European stocks ended Monday's session narrowly in the red, with the regional Stoxx 600
down 0.13%.
The index closed 0.56% higher last week after two weeks of losses, but is currently on course for its first monthly decline of the year. The Stoxx 600 has nonetheless continued to outperform the U.S. S&P 500, which is down nearly 5% in March.
UK stocks hold slight gains after services sector activity improves
London's FTSE 250
index was 0.15% higher while the FTSE 100
was just above the flatline in late trade amid broader European stock market declines, after U.K. service sector activity was shown to have improved in March.
The Purchasing Managers' Index published by S&P Global earlier in the session showed output in Britain's dominant services sector rose to a six-month high, with a reading of 52, up from 50.5 in February.

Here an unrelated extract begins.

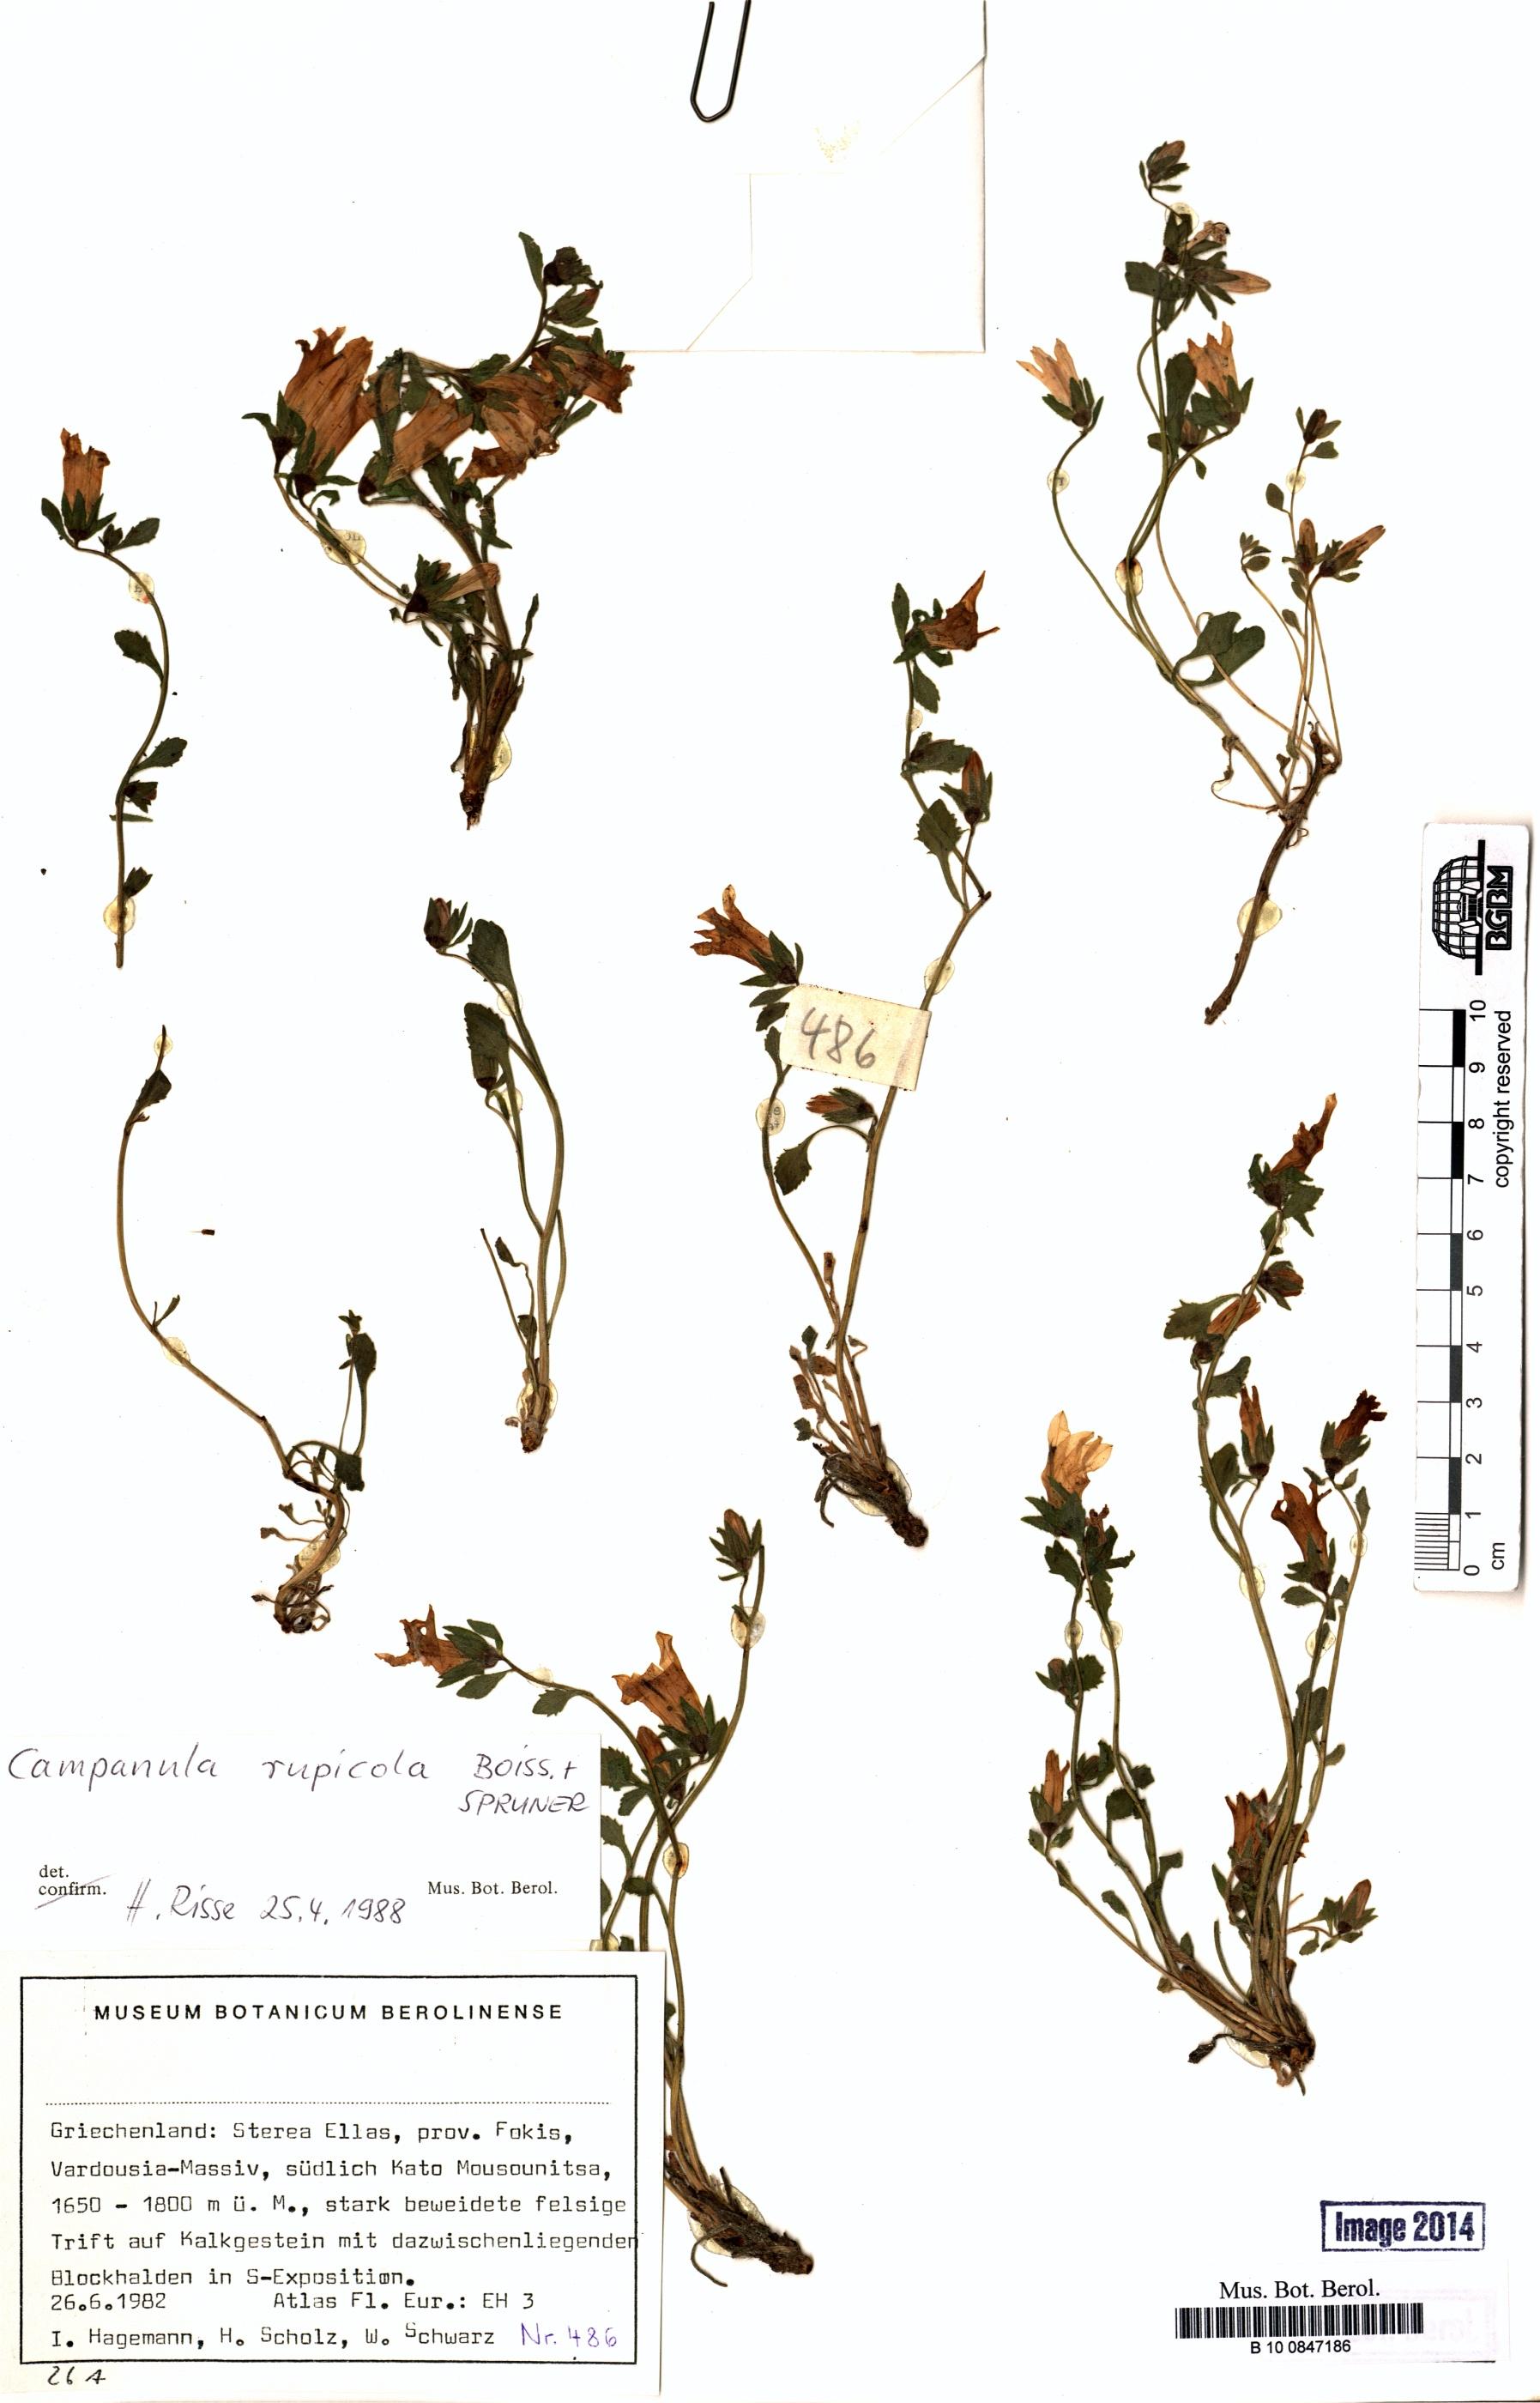 http://ww2.bgbm.org/herbarium/images/B/10/08/47/18/B_10_0847186.jpg

However, the smaller manufacturing sector moved deeper into contraction territory.The readings come ahead of the government's spring fiscal statement on Wednesday, expected to contain announcements on spending cuts to the benefits system and the civil service, as well as an updated assessment of the U.K. economy from the independent Office for Budget Responsibility.
"An upturn in business activity in March brings some good news for the government ahead of the Chancellor's Spring Statement, offering a respite from the recent flow of predominantly downbeat economic data. However... one good PMI doesn't signal a recovery," Chris Williamson, chief business economist at S&P Global Market Intelligence, said in a statement.
While business activity improvements are being driven by areas such as financial services, consumer-facing businesses and manufacturers are struggling with challenges including increased costs, low confidence and weak demand, exacerbated by global uncertainty from U.S. President Donald Trump's tariff policies, Williamson added.